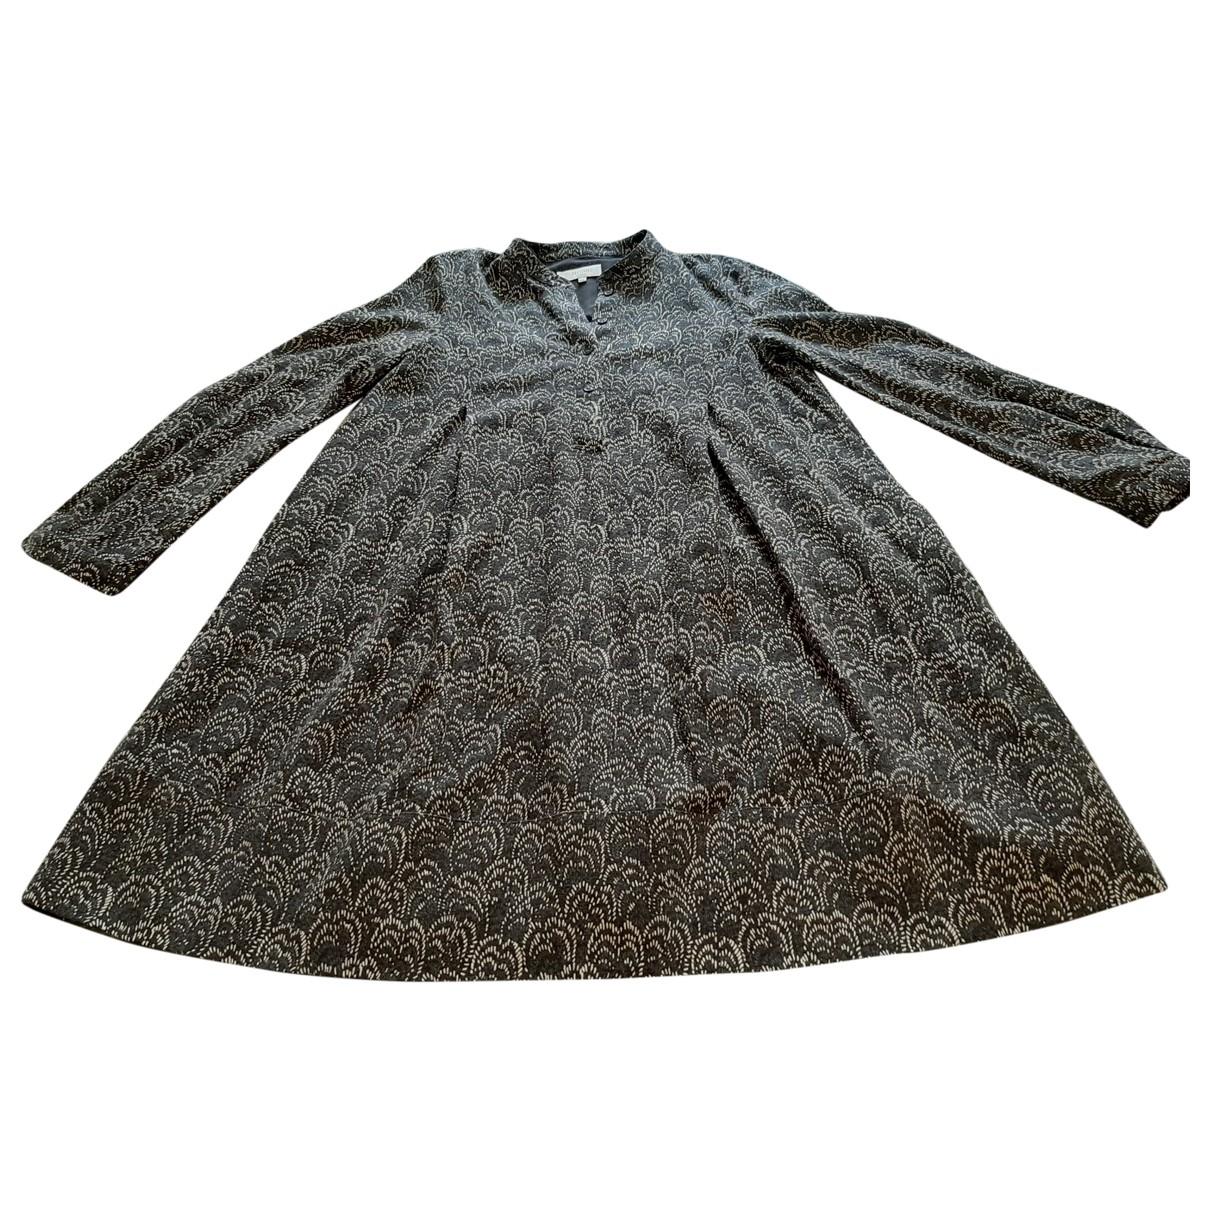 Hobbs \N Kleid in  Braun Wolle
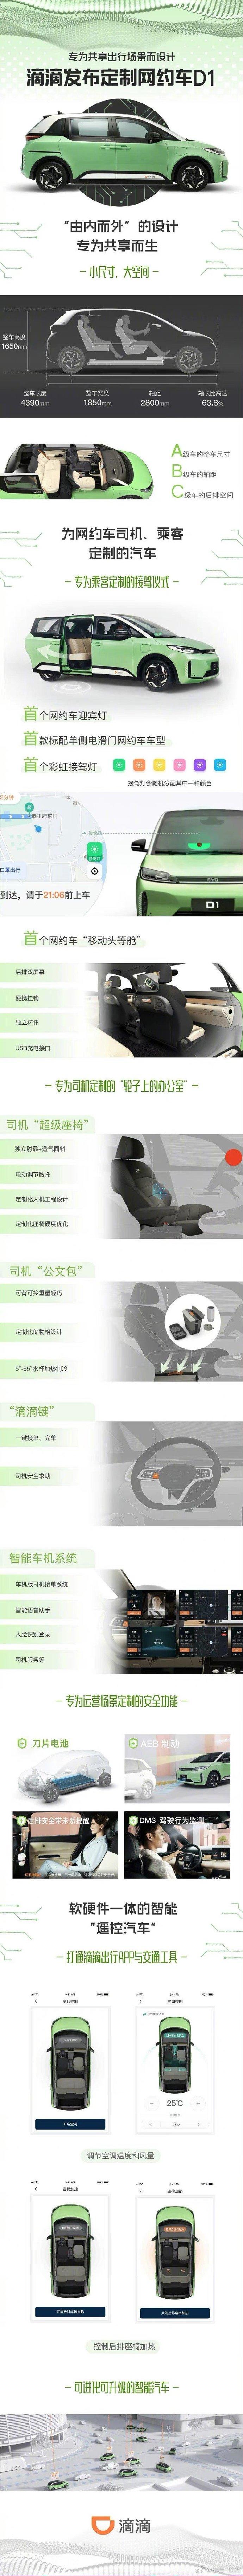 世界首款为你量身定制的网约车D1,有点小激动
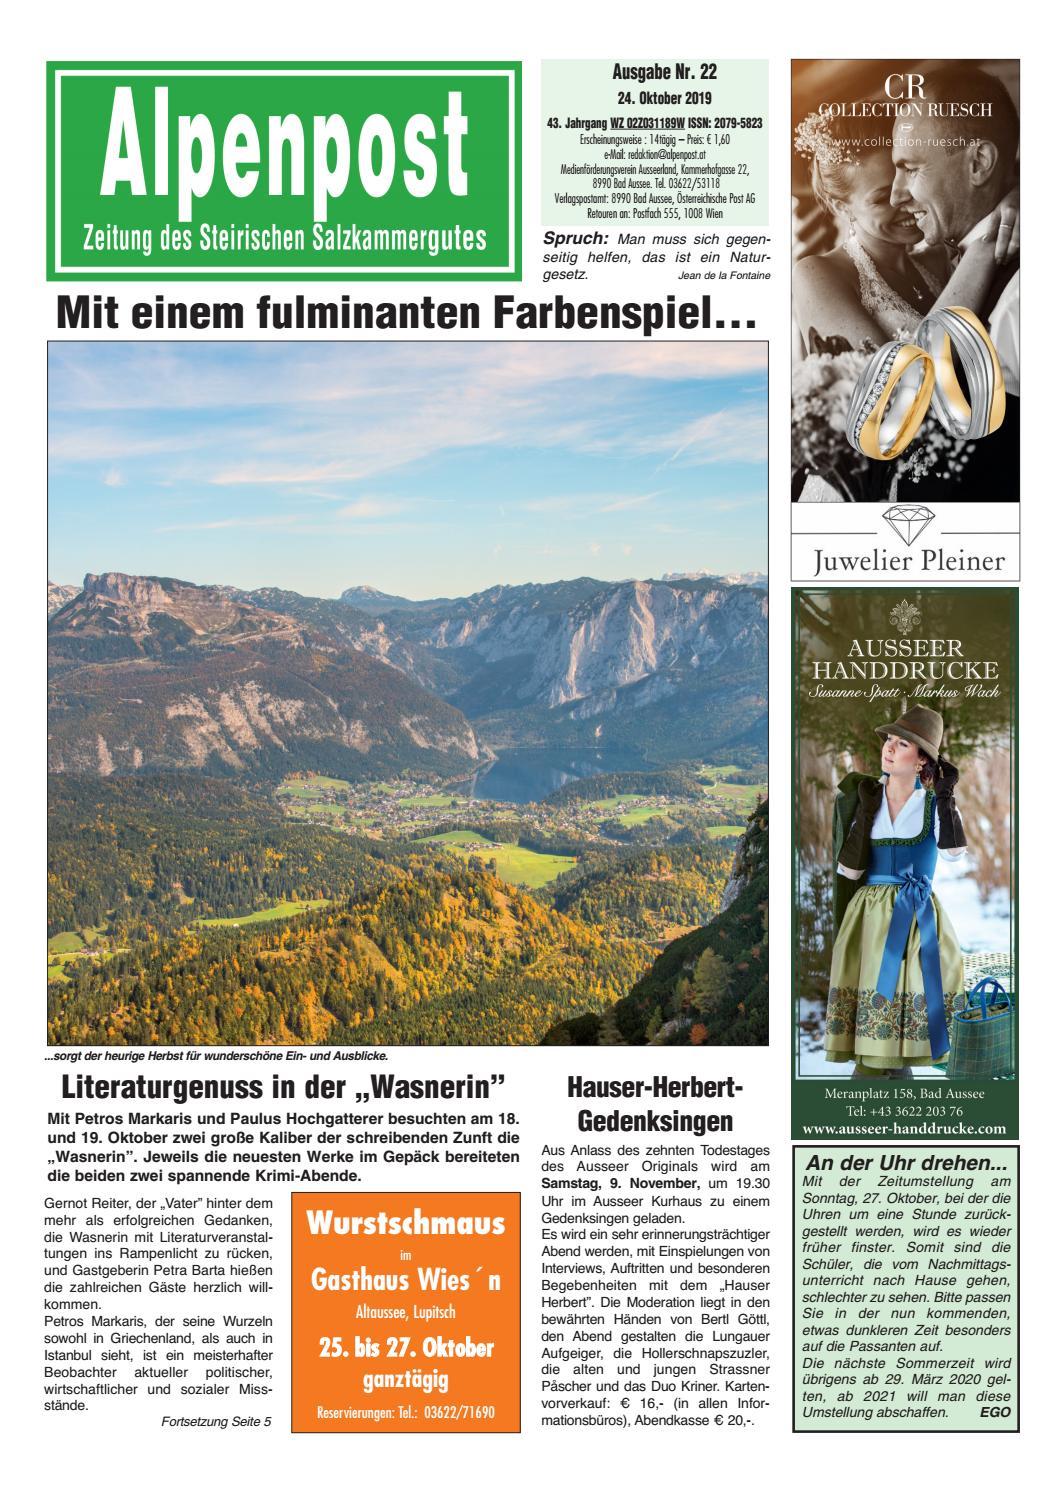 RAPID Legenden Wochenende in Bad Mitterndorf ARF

* **Required action**
Only the pictures are to be left out; copy all the remaining material above exactly.

* **Solution for this problem**
 Hobbs \N Kleid in  Braun Wolle
 世界首款为你量身定制的网约车D1,有点小激动
 RAPID Legenden Wochenende in Bad Mitterndorf ARF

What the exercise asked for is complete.